Performance and Scalability

Horizontal Scaling Model

Wuzzy's architecture enables several scaling strategies:

Crawler Scaling

  • Domain Specialization: Deploy dedicated Crawlers for specific domains or content types
  • Geographic Distribution: Distribute Crawlers across different regions for improved latency
  • Load Balancing: Multiple Crawlers can work on different URL sets simultaneously
  • Resource Optimization: Each Crawler operates independently with its own resource allocation

Index Scaling

  • Multiple Nests: Deploy specialized Nests for different content categories
  • Federated Search: Implement client-side search federation across multiple Nests
  • Content Partitioning: Distribute documents across Nests based on domain, content type, or other criteria

Storage and Memory Management

State Optimization

  • Incremental Updates: Document updates modify only changed content rather than full re-indexing
  • Memory-efficient Storage: Optimized data structures for large-scale document collections

Caching Strategies

  • Crawl Memory: In-memory tracking of recently crawled URLs to prevent duplication
  • Queue Management: Efficient queue structures for managing large crawl backlogs

Future Extensions and Roadmap

Planned Enhancements

Advanced Content Processing

  • Multi-media Support: Processors for images, videos, and audio content
  • Content Classification: AI-powered content categorization, summarization, and tagging

Search Improvements

  • Semantic Search: Integration with LLM-based semantic understanding
  • Query Expansion: Automatic query term expansion for improved recall

Operational Features

  • Monitoring and Analytics: Comprehensive dashboard for system health and performance
  • Auto-scaling: Dynamic Crawler spawns from Nests based on crawl task depth

Conclusion

Wuzzy Search represents a paradigm shift toward truly decentralized web search infrastructure. By leveraging the AO protocol and Arweave's permanent storage capabilities, it creates a censorship-resistant, globally accessible search platform that operates without centralized control points.

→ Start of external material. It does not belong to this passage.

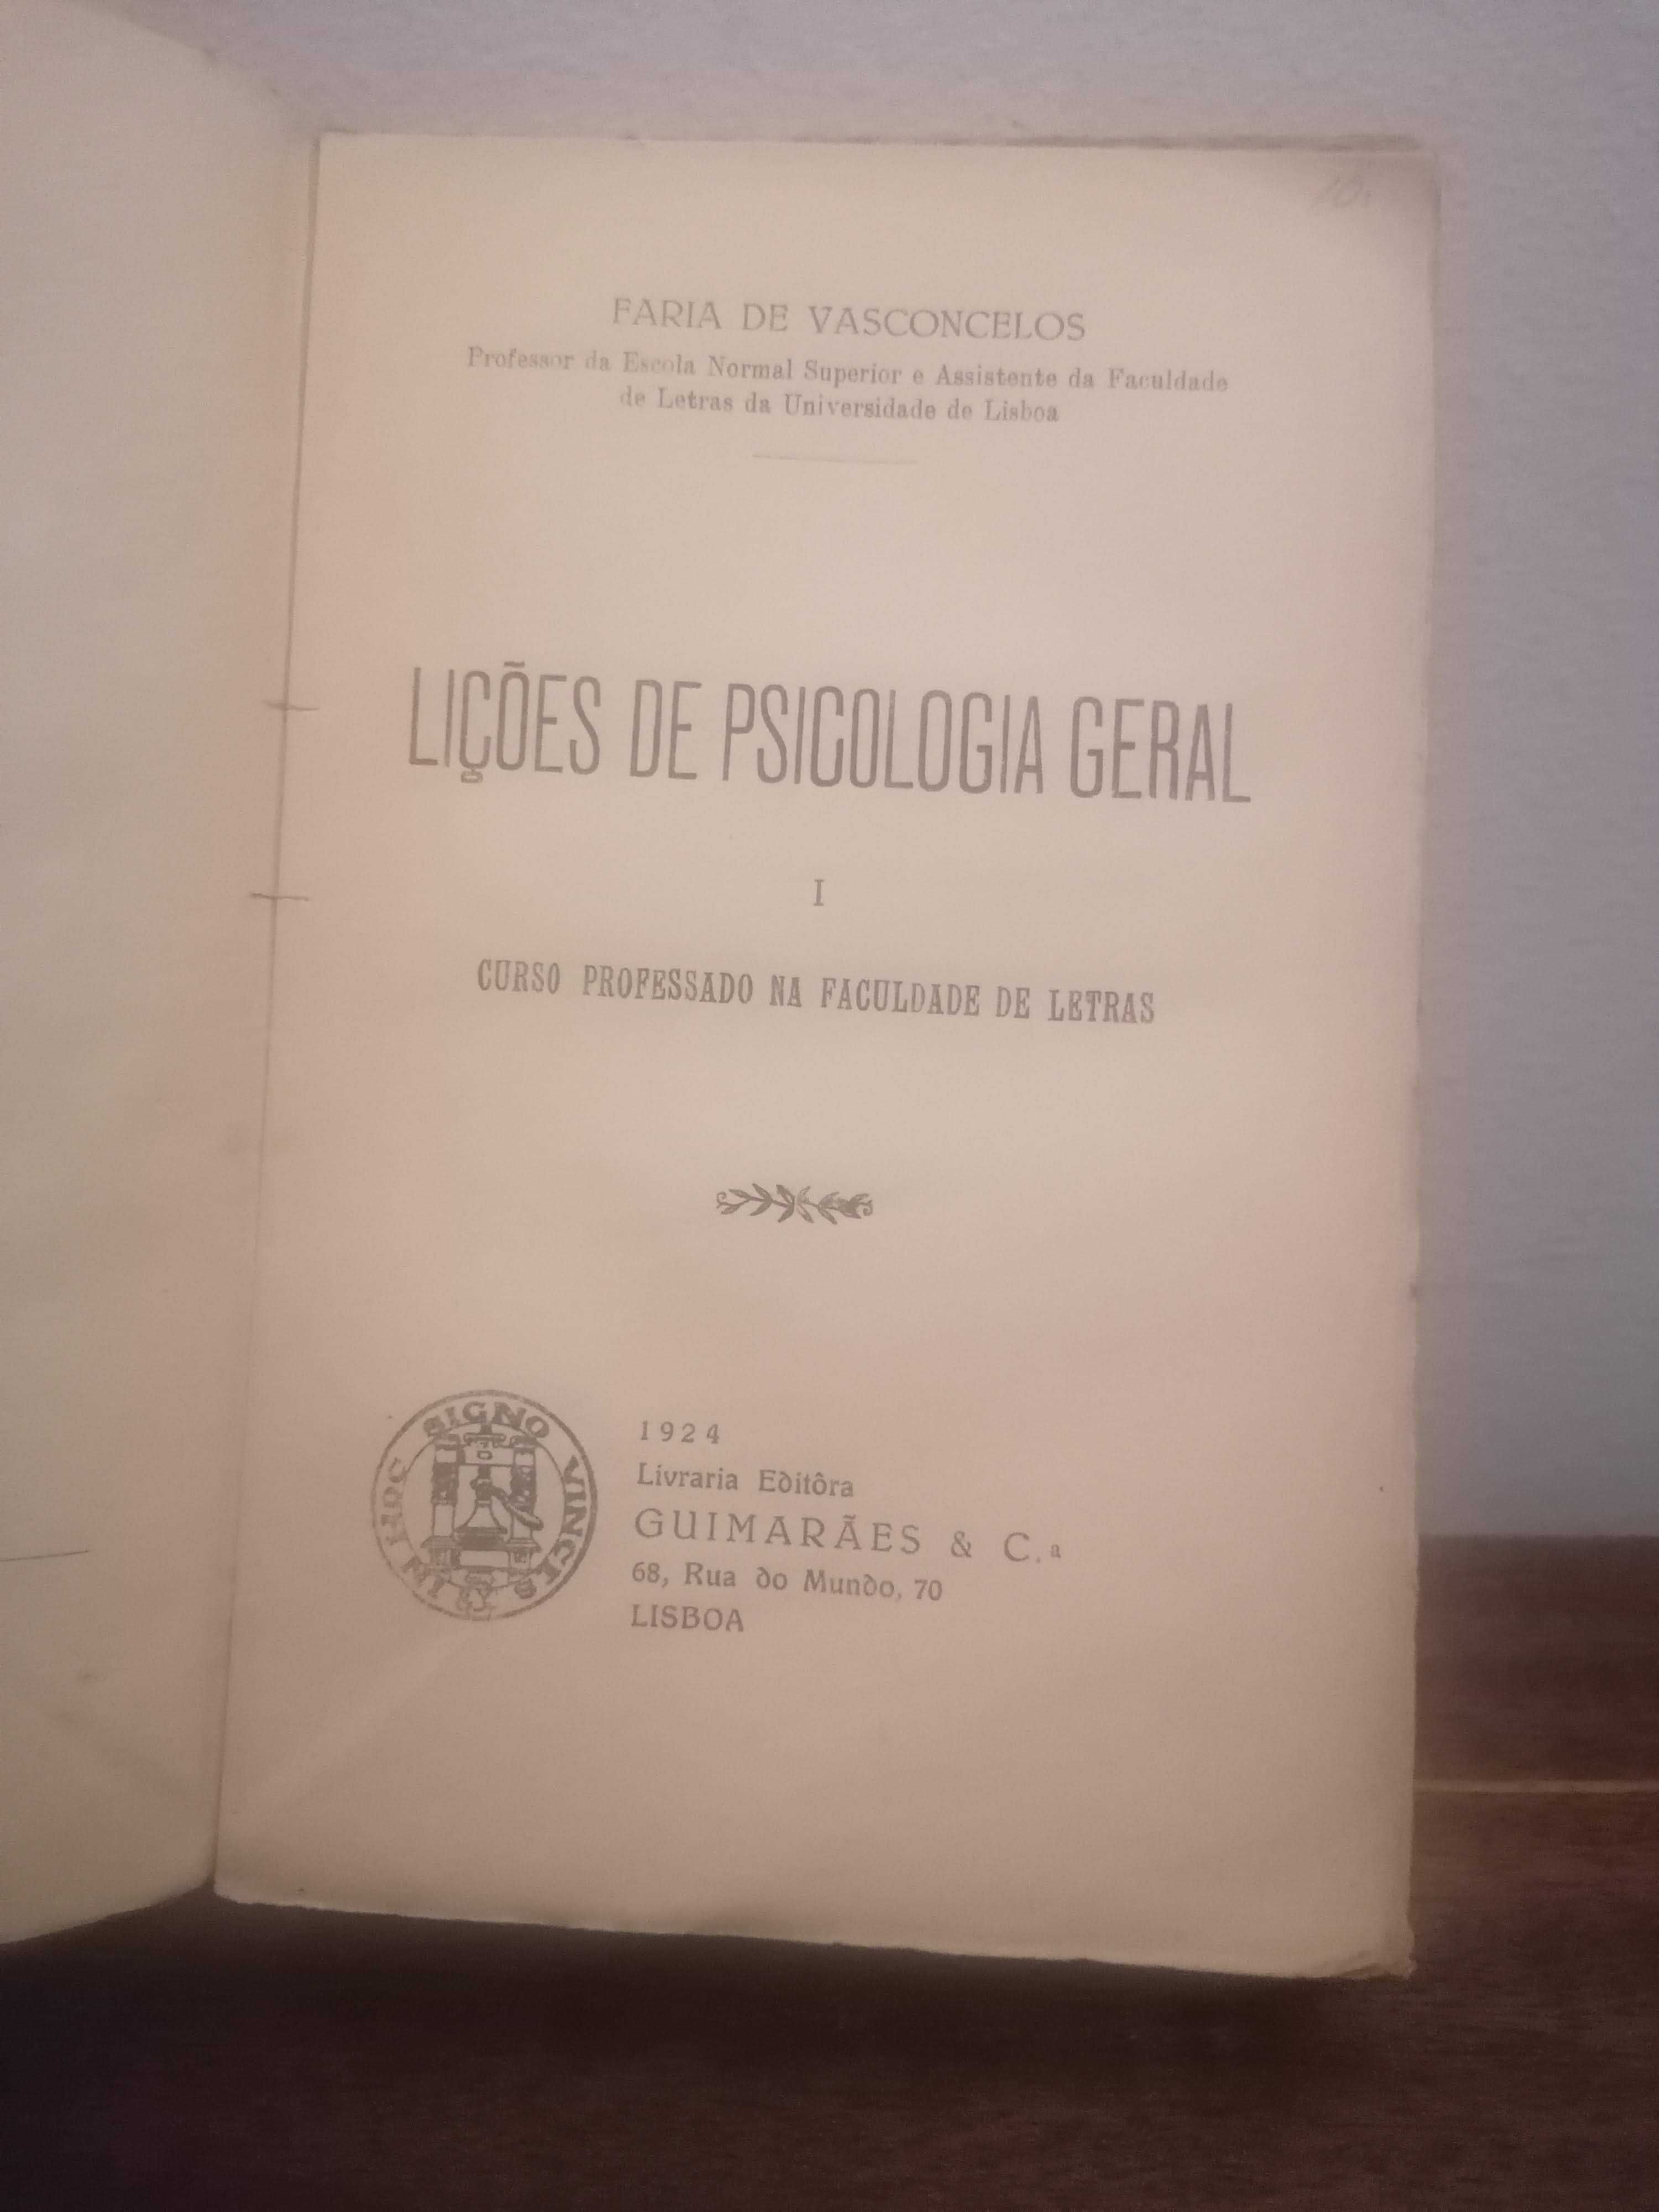 Livro  RARO " Lições de Psicologia Geral " de Faria de Vasconcelos

The system's modular architecture, sophisticated search algorithms, and comprehensive protocol support make it suitable for a wide range of applications, from specialized domain search to general-purpose web discovery. Its integration with the permaweb ensures that indexed content remains permanently accessible, creating a lasting digital archive of human knowledge.

As the permaweb ecosystem continues to evolve, Wuzzy Search provides the essential infrastructure for content discovery and access, enabling the next generation of decentralized applications and services. The system's open architecture and extensible design position it as a foundational component for the decentralized web's future development.

The technical innovations demonstrated in Wuzzy Search, from autonomous agent-based crawling to decentralized search ranking, establish new patterns for building resilient, scalable infrastructure on blockchain-based platforms. This approach offers a compelling alternative to traditional search architectures while maintaining the performance and features users expect from modern search engines.